● Your task
Work through the listing below and give again exactly the lines from the one with "TSV Ergoldsbach TSV" to the one with "Person holding debit card", both ends included. All other lines and all pictures stay out.

● Provided data
=-=-=

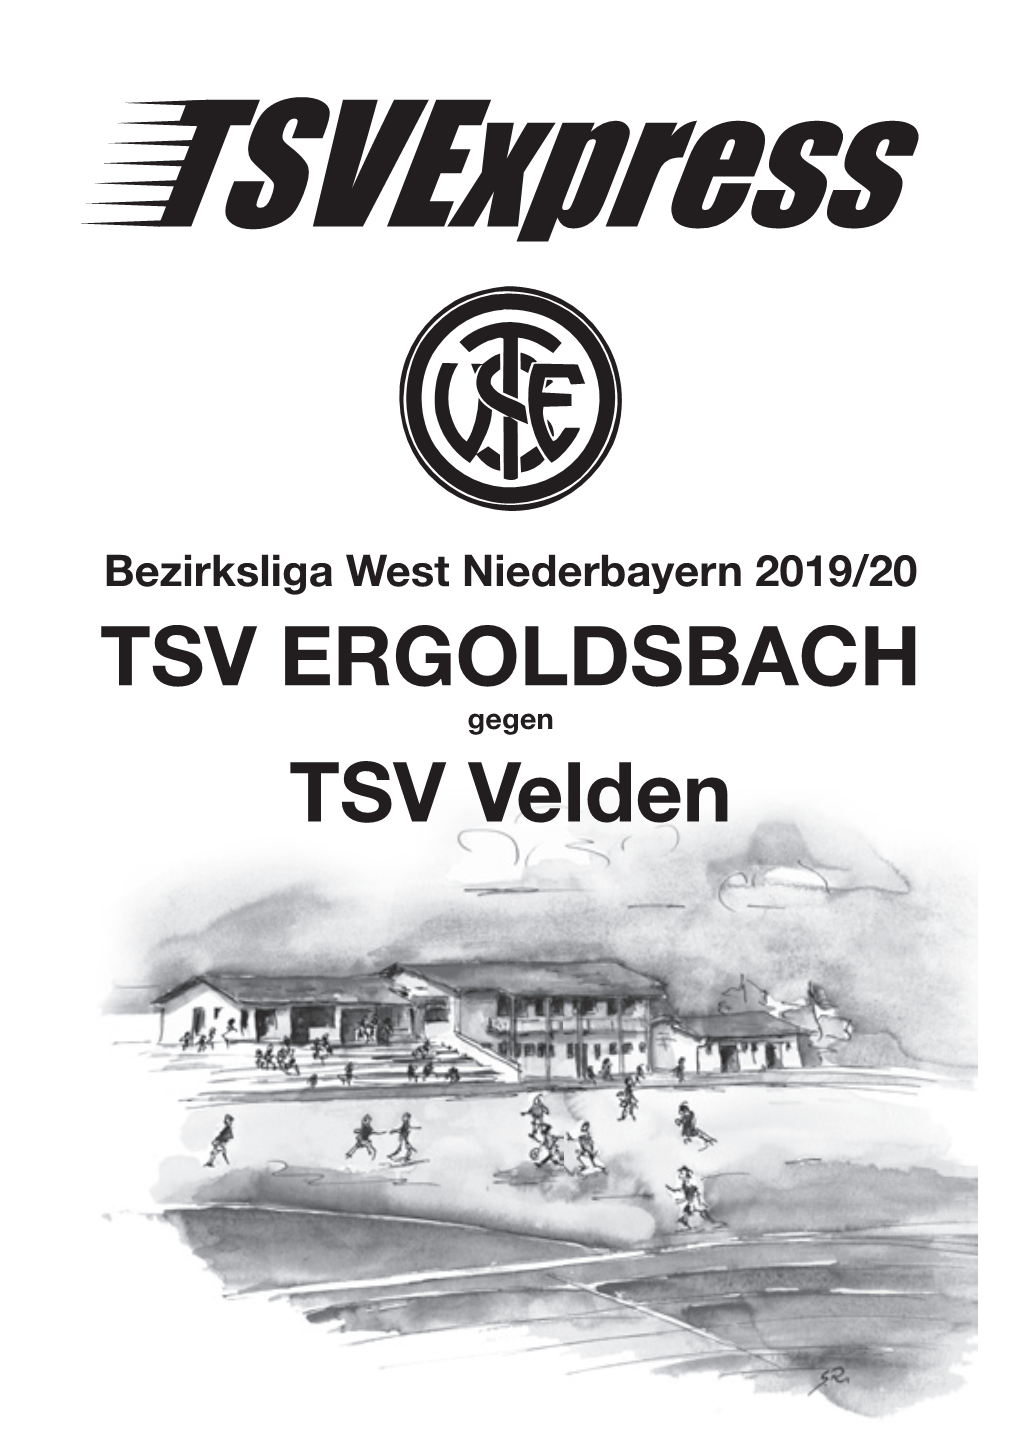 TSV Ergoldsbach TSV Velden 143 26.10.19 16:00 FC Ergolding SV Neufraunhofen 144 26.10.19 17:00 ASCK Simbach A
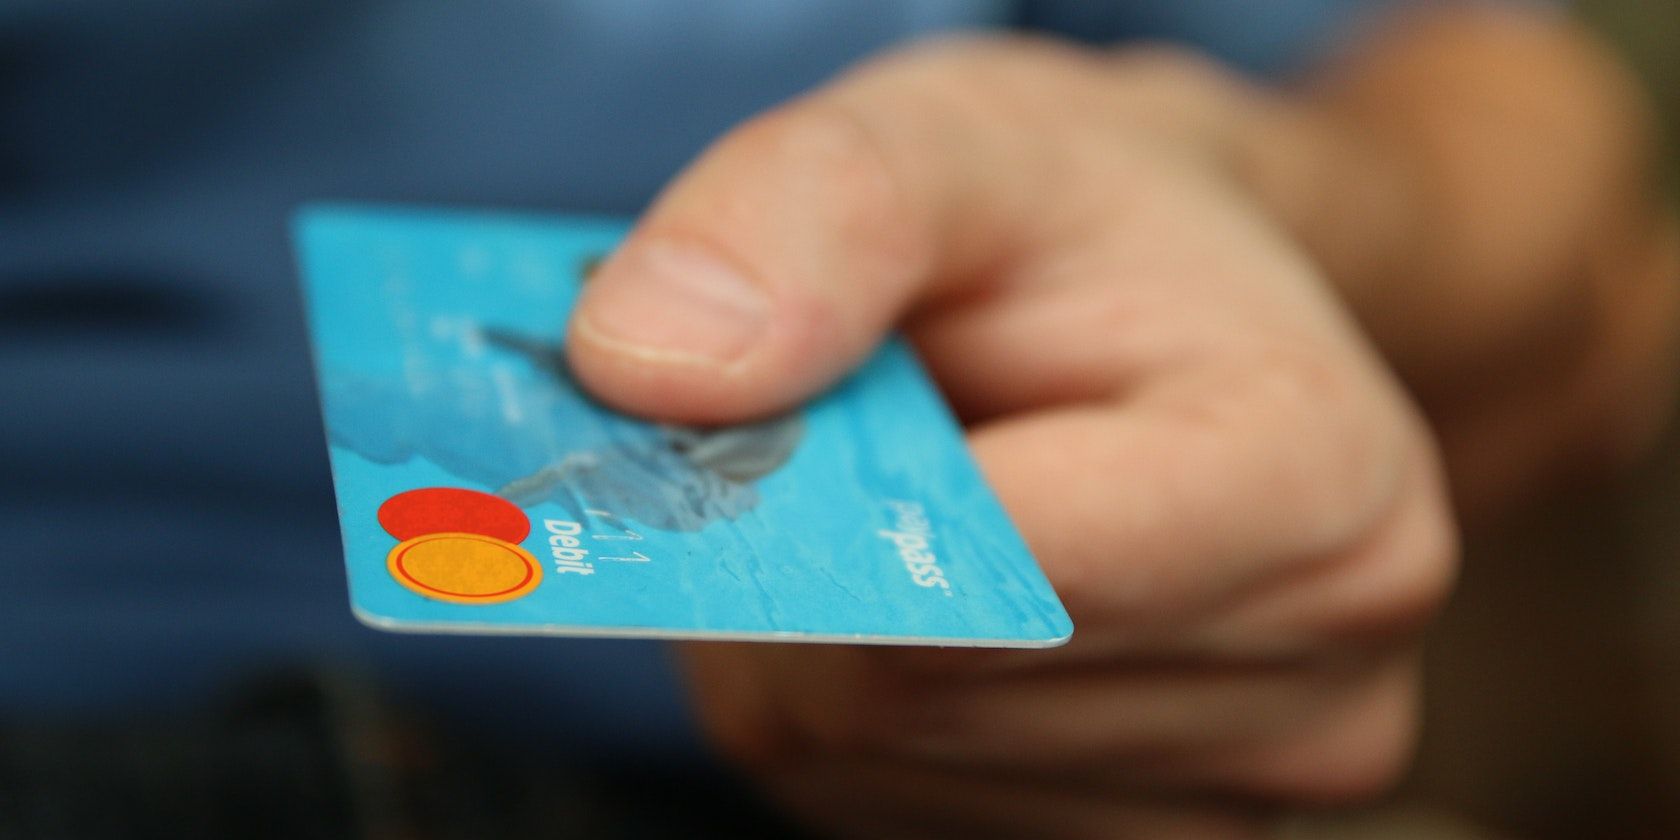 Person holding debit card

=-=-=

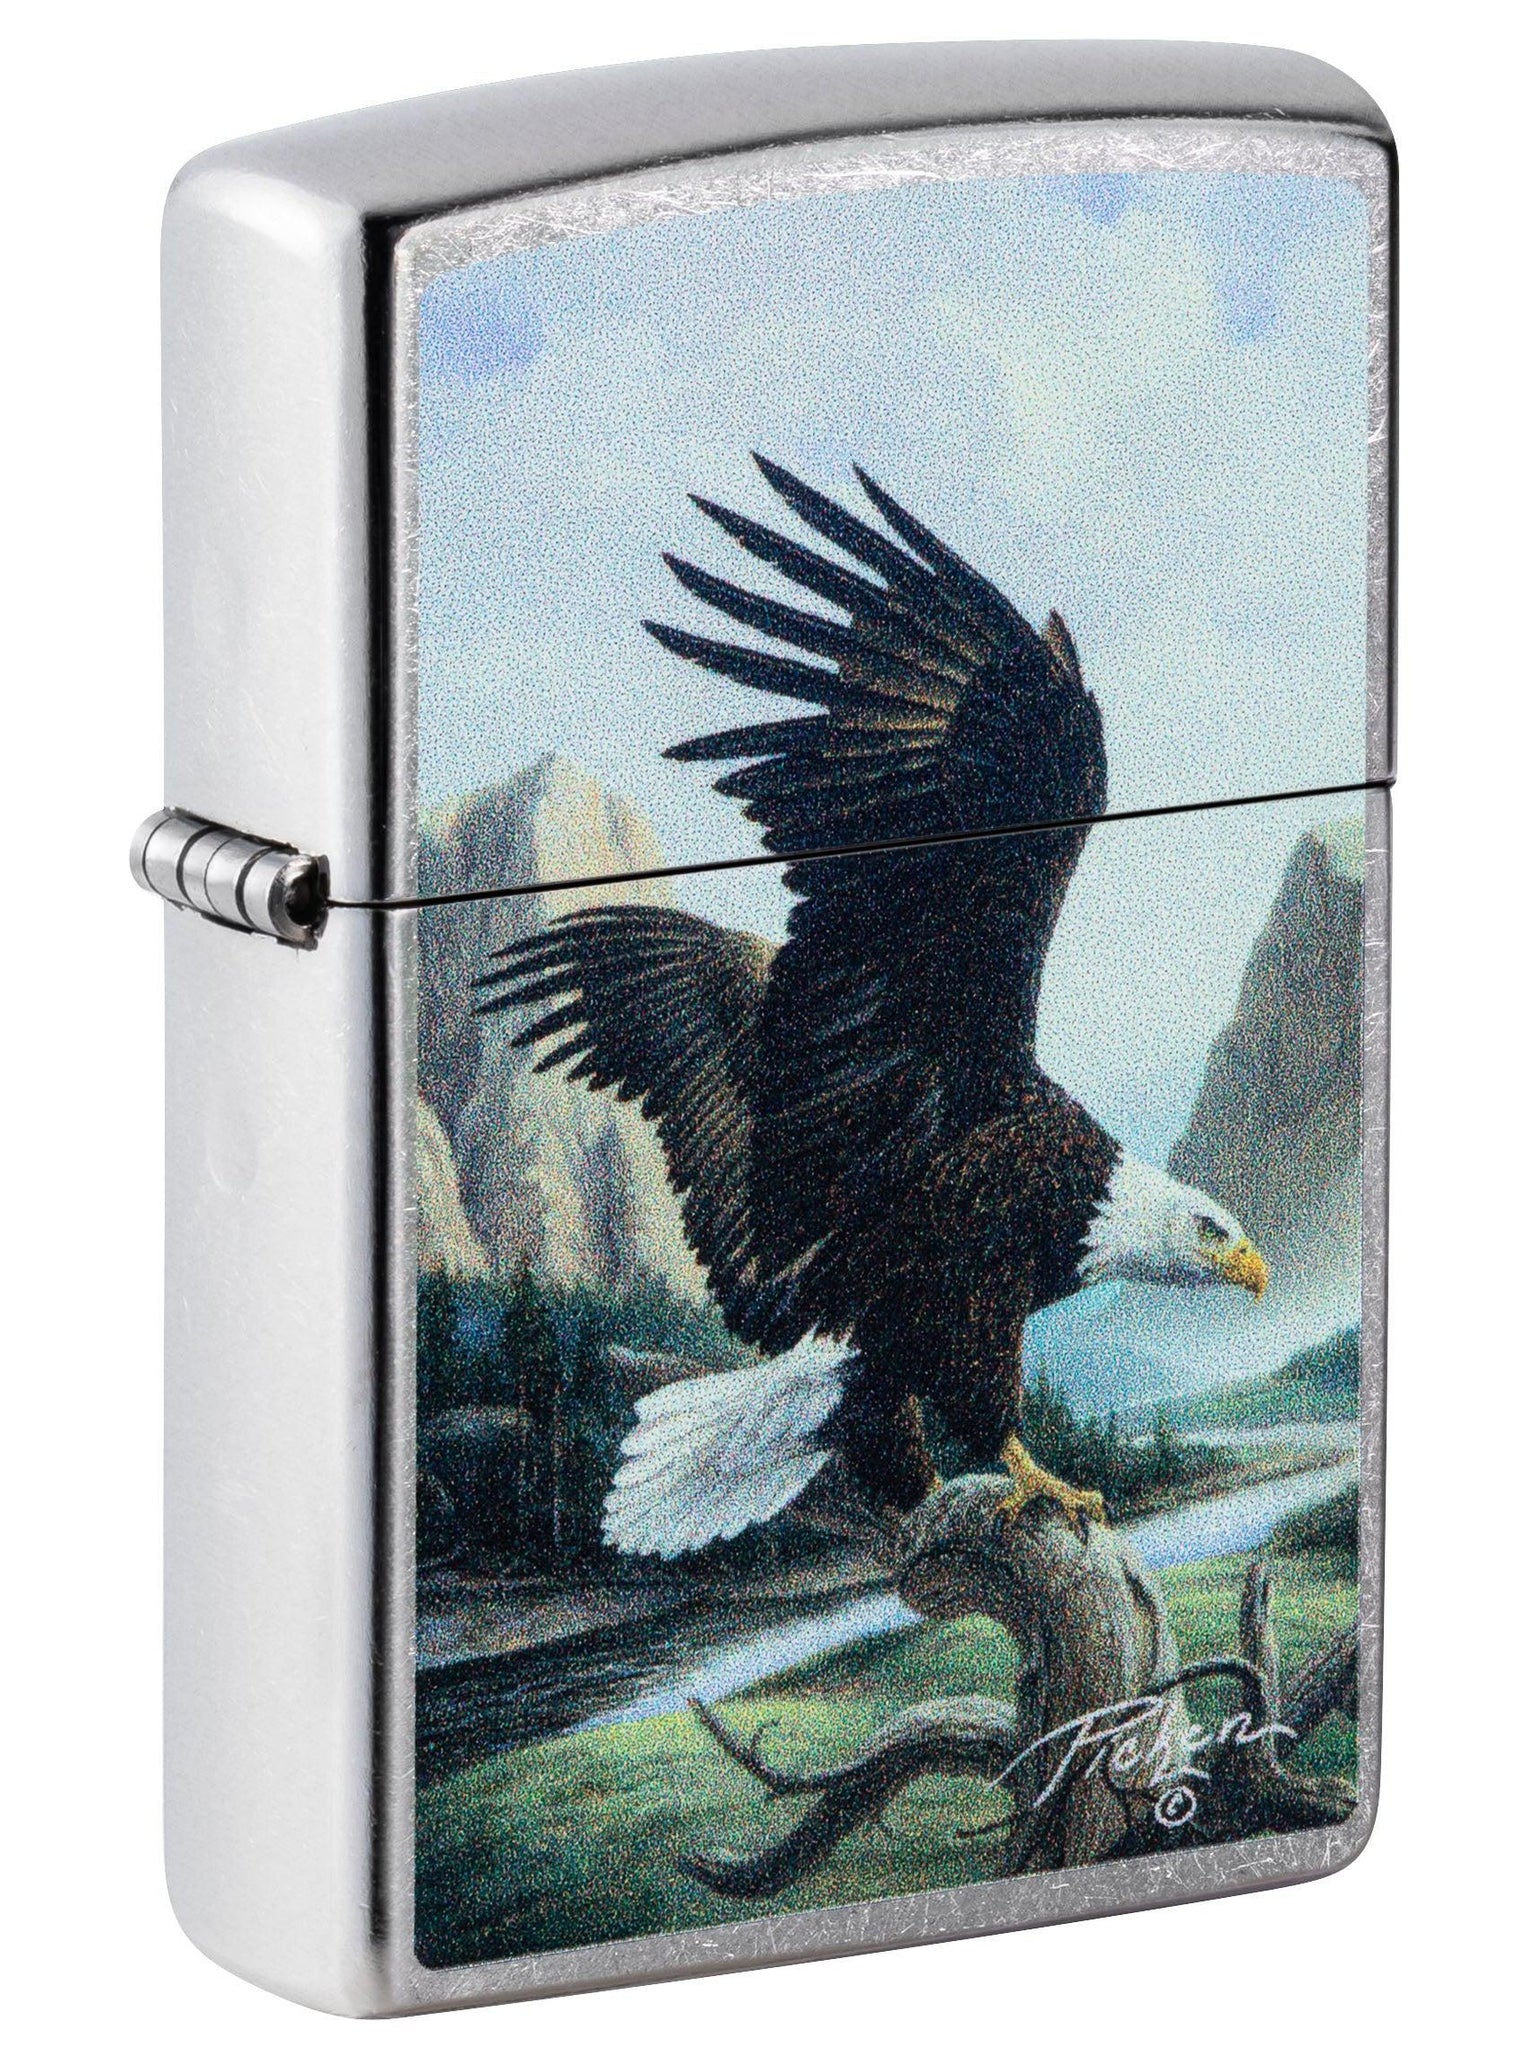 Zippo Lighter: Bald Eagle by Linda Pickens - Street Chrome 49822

=-=-=

● Task solution
 TSV Ergoldsbach TSV Velden 143 26.10.19 16:00 FC Ergolding SV Neufraunhofen 144 26.10.19 17:00 ASCK Simbach A
 Person holding debit card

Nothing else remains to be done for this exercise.